A collection of famous cartoonists applying their talents to the advertising world. Comics and modern American advertising exploded into the public conscious at much the same time in the early 20thcentury. Long unseen and collected now for the first the gorgeous, funny, attention-grabbing comics, cartoons and illustrations from the OTHER career of comics creators Jack Davis ( Mad ), Al Capp ( Li’l Abner ) John Romita ( Spider-Man ), Mort Meskin ( Sheena ), Ross Andru ( Spider-Man ), Sheldon Moldoff ( Batman ), Neal Adams ( X-Men ), Noel Sickles ( Scorchy Smith ), Stan Drake ( Blondie ), Joe Simon, ( Captain America ), Basil Wolverton ( Mad ), Dik Browne ( Hagar the Horrible ), Clifford McBride ( Napoleon ), Hank Ketcham ( Dennis the Menace ), Lou Fine ( The Spirit ), Dan Clowes ( Ghost World ) and many more. Black & white illustrations.

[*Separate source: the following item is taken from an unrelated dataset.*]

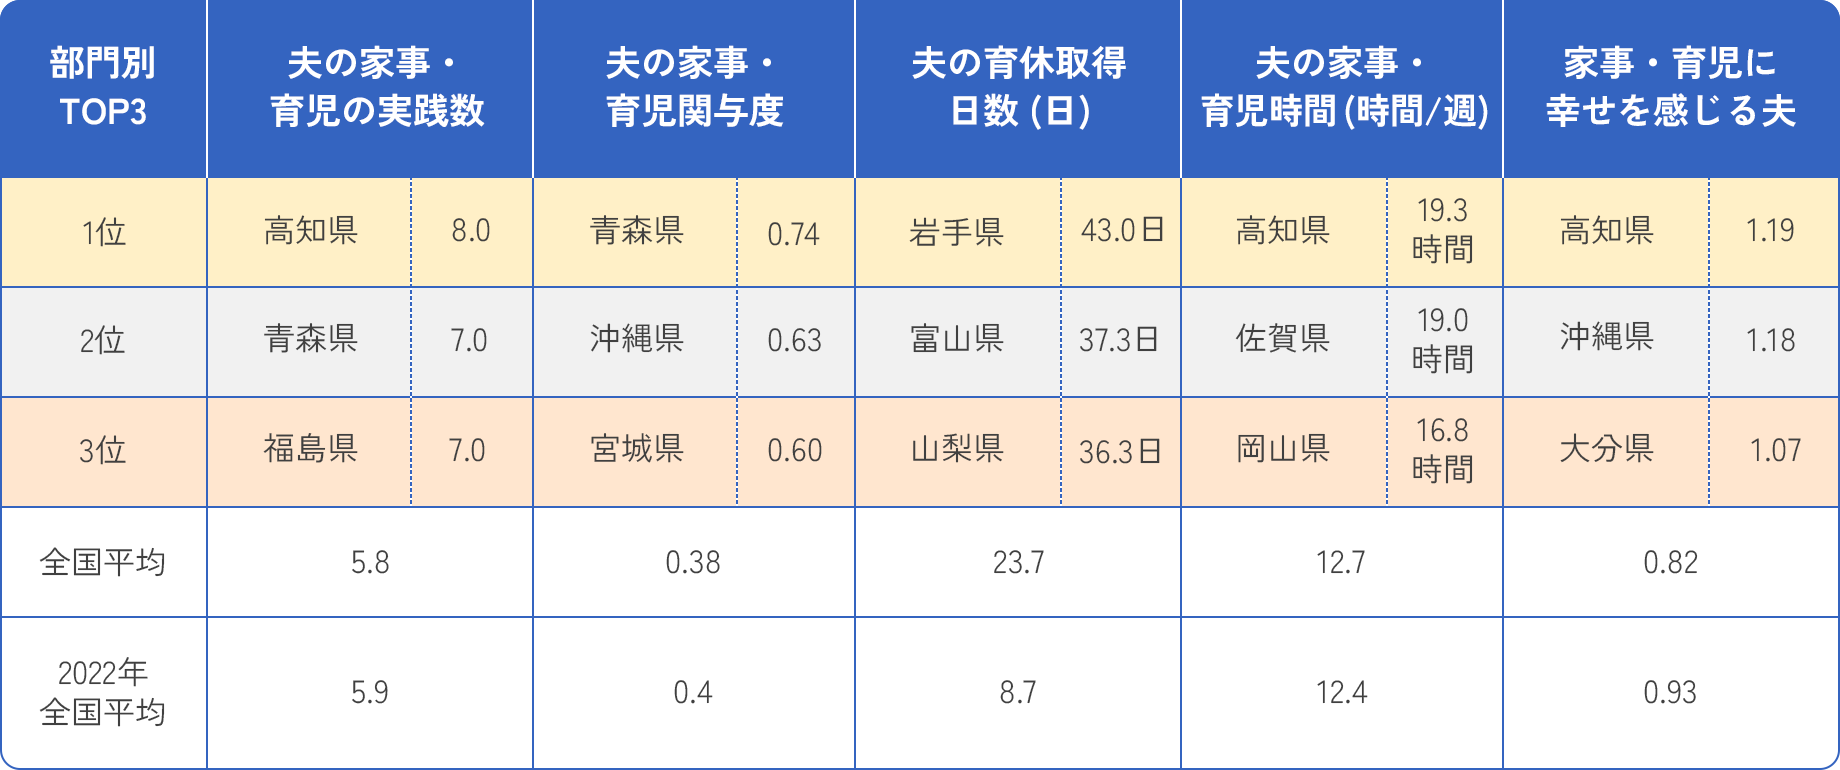 部門別ランキング3位までの都道府県と全国平均のスコア

An examination and archiving of comics used in advertising could be an absolute goldmine, especially when you think of the thousands of advertisements within comic books and the great animated commercials like Hawaiian Punch and M&Ms, and those fabulous psychedelic 7up ads.
This book barely scratches the surface though, focusing mostly on the side-hustle aspect of these famous cartoonists working for, or creating their own ad service and storyboarding agencies. Interesting for sure, but I’d rather he had added 200 more pages of Jack Davis’ material. (Was anyone better than Jack Davis?!)
Mostly an art book, documenting the advertising side-careers of several comic book illustrators throughout the '40s, '50s and '60s. There's an introduction, but it's brief, poorly written and more interested in dropping creator / firm names than sharing much actual insight. The collected works themselves are often painfully soulless and generic, the kind of stuff one might click their tongue over as they flip annoyedly to the next page of a dusty, dog-eared silver age funny book. Spider-Man hawking Hostess sweets, burly woodsmen endorsing their favorite brand of cigarette, loosely-related lifestyle illustrations meant to accompany a self-serving advice column... that sort of thing. There's also a decided lack of true star power. One or two entries from heavyweights like Neal Adams or John Romita, but dozens from their fill-in artists and castoffs from the Sunday newspaper. I don't know that this material really needed to be archived.